MySQL Bugs: #14052: No UTF-16 charset encoding available (surrogate pairs)

Bug #14052	No UTF-16 charset encoding available (surrogate pairs)
Submitted:	15 Oct 2005 22:50	Modified:	1 Dec 2008 13:27
Reporter:	Brion Vibber	Email Updates:
Status:	Closed	Impact on me:	None
Category:	MySQL Server	Severity:	S4 (Feature request)
Version:	5.0.13	OS:	Linux (Linux)
Assigned to:		CPU Architecture:	Any

Description:
At Wikipedia we have some data which contains high Unicode characters beyond the Basic Multilingual Plane (>65536). In UTF-8 encoding these take up 4 bytes; in UTF-16 they would be stored as a "surrogate pair" of two 16-bit pseudocharacters.

Currently MySQL's Unicode charset support doesn't seem to allow storing these characters in text-encoded fields when using UTF-8 to communicate to the server:
* ucs2  stores four question marks "????" in place of the char
* utf8 truncates the string at the point the char appears

Some quick testing indicates that I can store surrogate pseudocharacters if I explicitly code for them in pseudo-UTF-8, but this complicates communicating with the server.

How to repeat:
Tested with PHP 5.1.0RC1:
<?php
mysql_connect("localhost", "unitest");
mysql_select_db("unitest");
mysql_query("SET NAMES utf8");
mysql_query("CREATE TABLE demo(
    wide VARCHAR(50) CHARACTER SET ucs2,
    utf VARCHAR(50) CHARACTER SET utf8,
    raw VARBINARY(50)
)");
$char = "\xf0\xa8\xa7\x80";
mysql_query("INSERT INTO demo(wide,utf,raw) VALUES ('$char','$char','$char')");
$result = mysql_query("SELECT * FROM demo");
$row = mysql_fetch_array($result, MYSQL_ASSOC);
foreach($row as $field => $val) {
    $match = ($val == $char) ? "OK" : "FAILED";
    print "$field: $match ($val)\n";
}
?>

Outputs:
wide: FAILED (????)
utf: FAILED ()
raw: OK (

Suggested fix:
A sufficient compromise for our purposes would be for the ucs2 charset to be enhanced (or a second utf16 charset made available) to do encoding and decoding of UTF-16 surrogate pairs when communicating with the server in UTF-8.

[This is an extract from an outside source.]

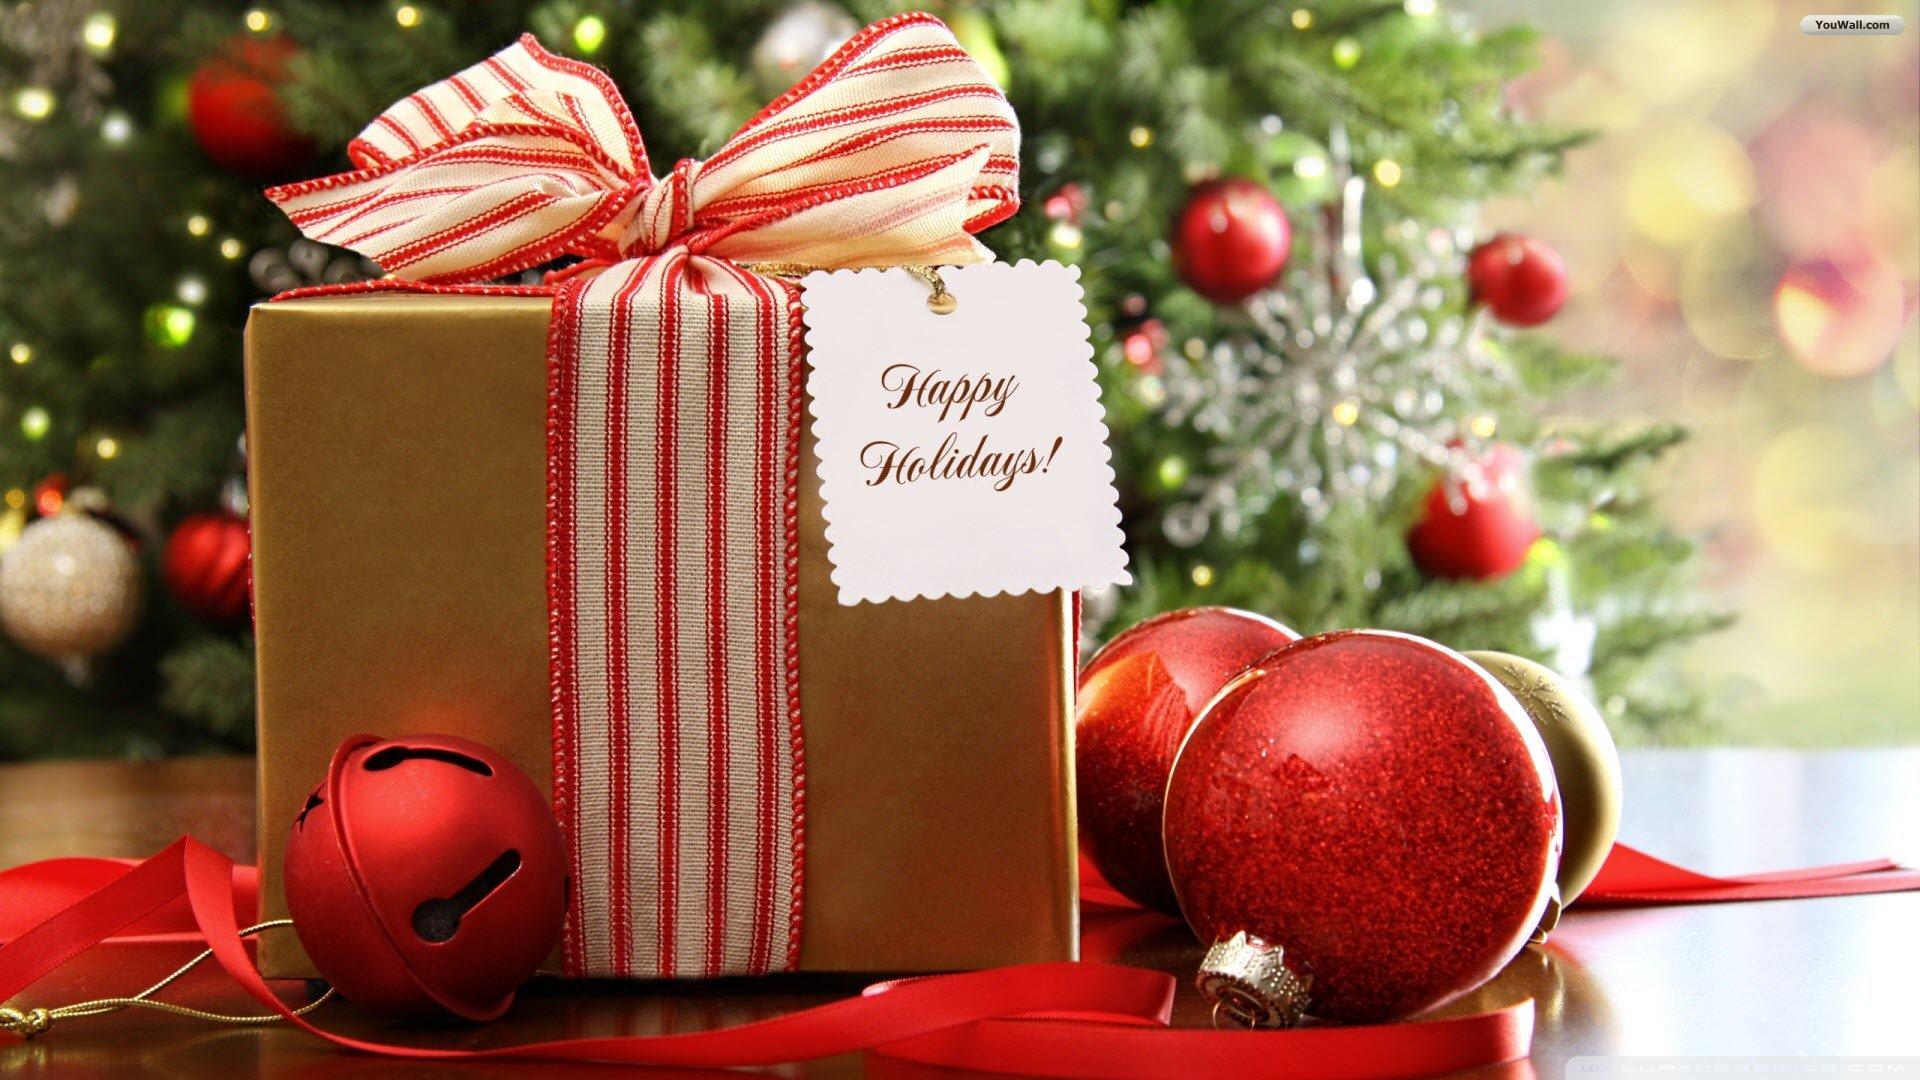 Christmas Gift Wallpaper 1920x1080 320 KB 1920x1080

So if we send the UTF-8 string: "\xf0\xa8\xa7\x80"
It should interpret it as the UTF-16 string: "\ud862\uddc0"
And on select we should get back UTF-8: "\xf0\xa8\xa7\x80"

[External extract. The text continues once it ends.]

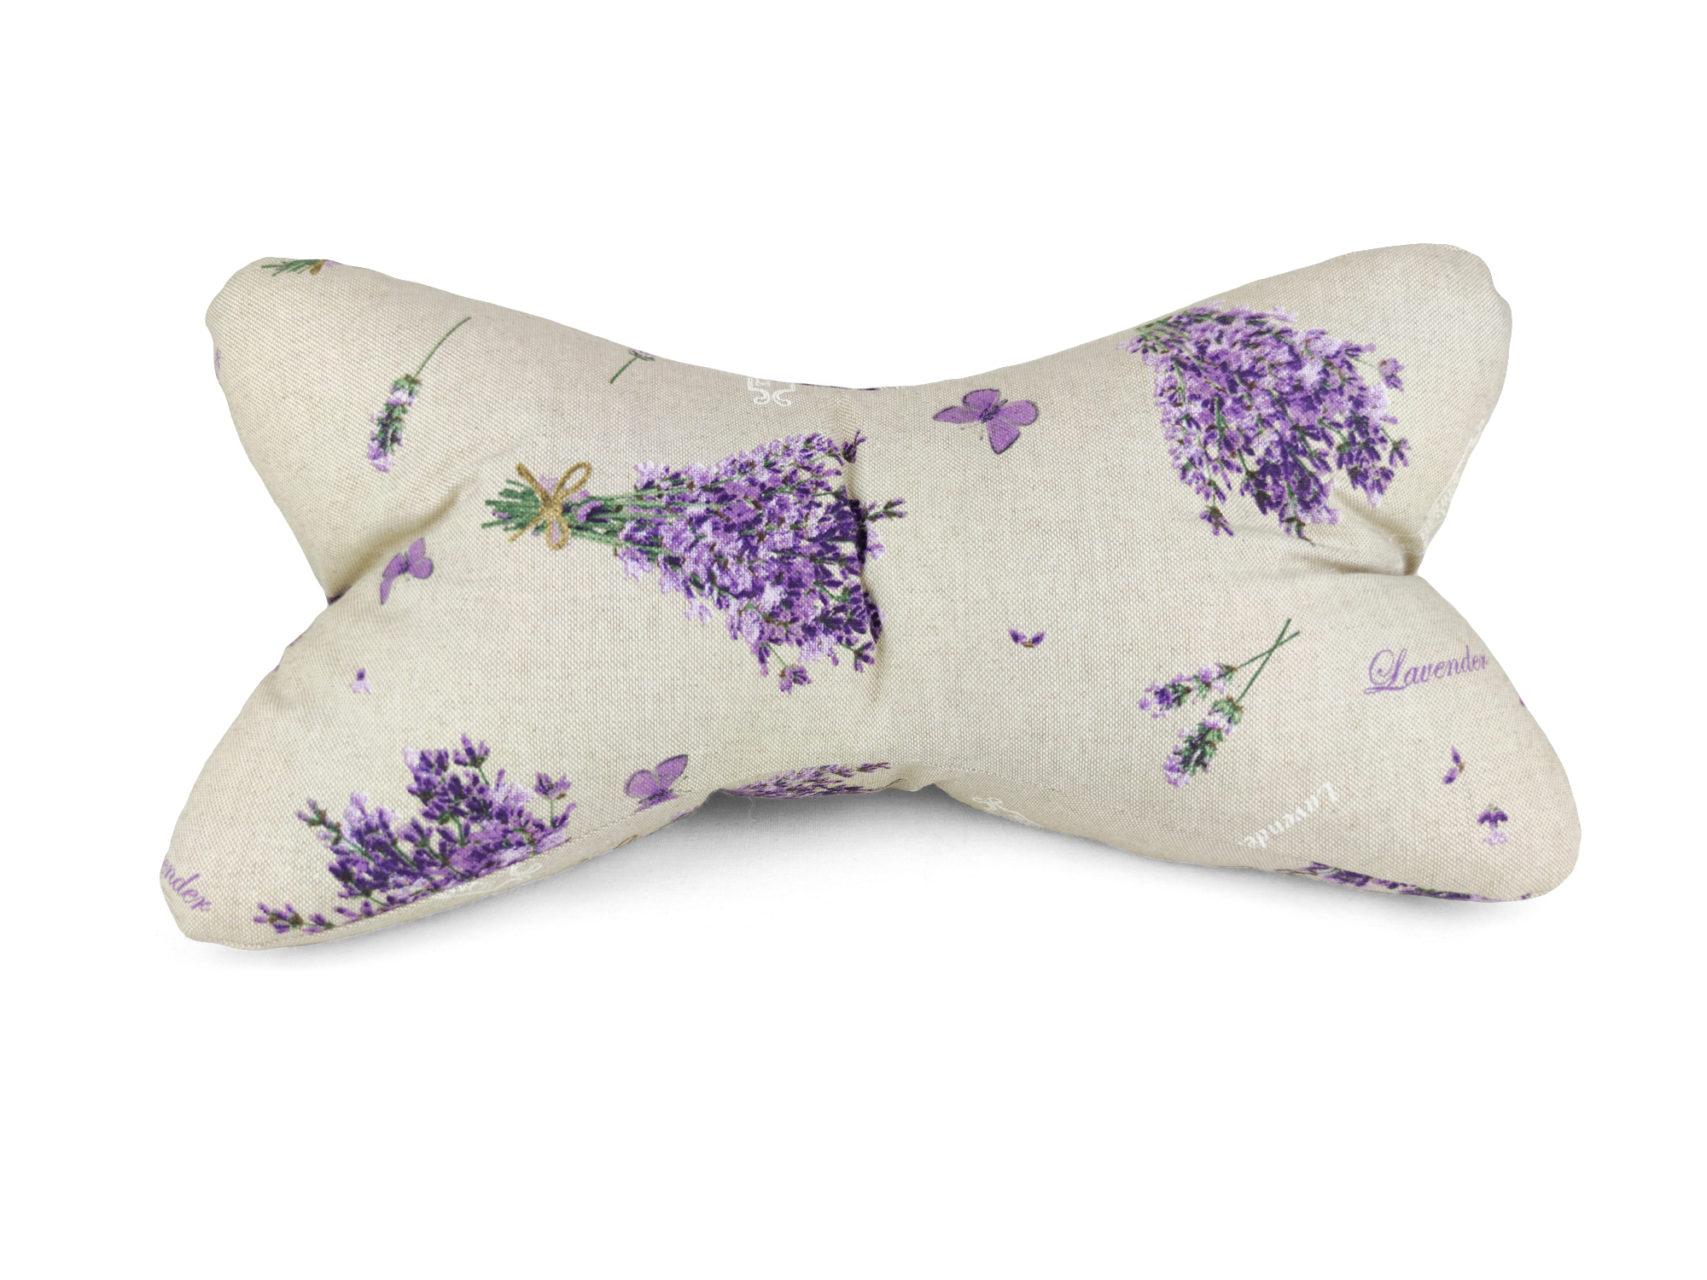 Leseknochen violette Lavendelsträuße Leinen Look

Continuing to use UCS-2 collation semantics would be good enough for what we need; this would allow us to use collatable Unicode text fields for page titles and usernames without rare but existing data getting corrupted.

See also Bug 25666.

This is part of MySQL 6.0 alpha.

Support for utf16 was added into mysql-6.0.
Closing the feature request.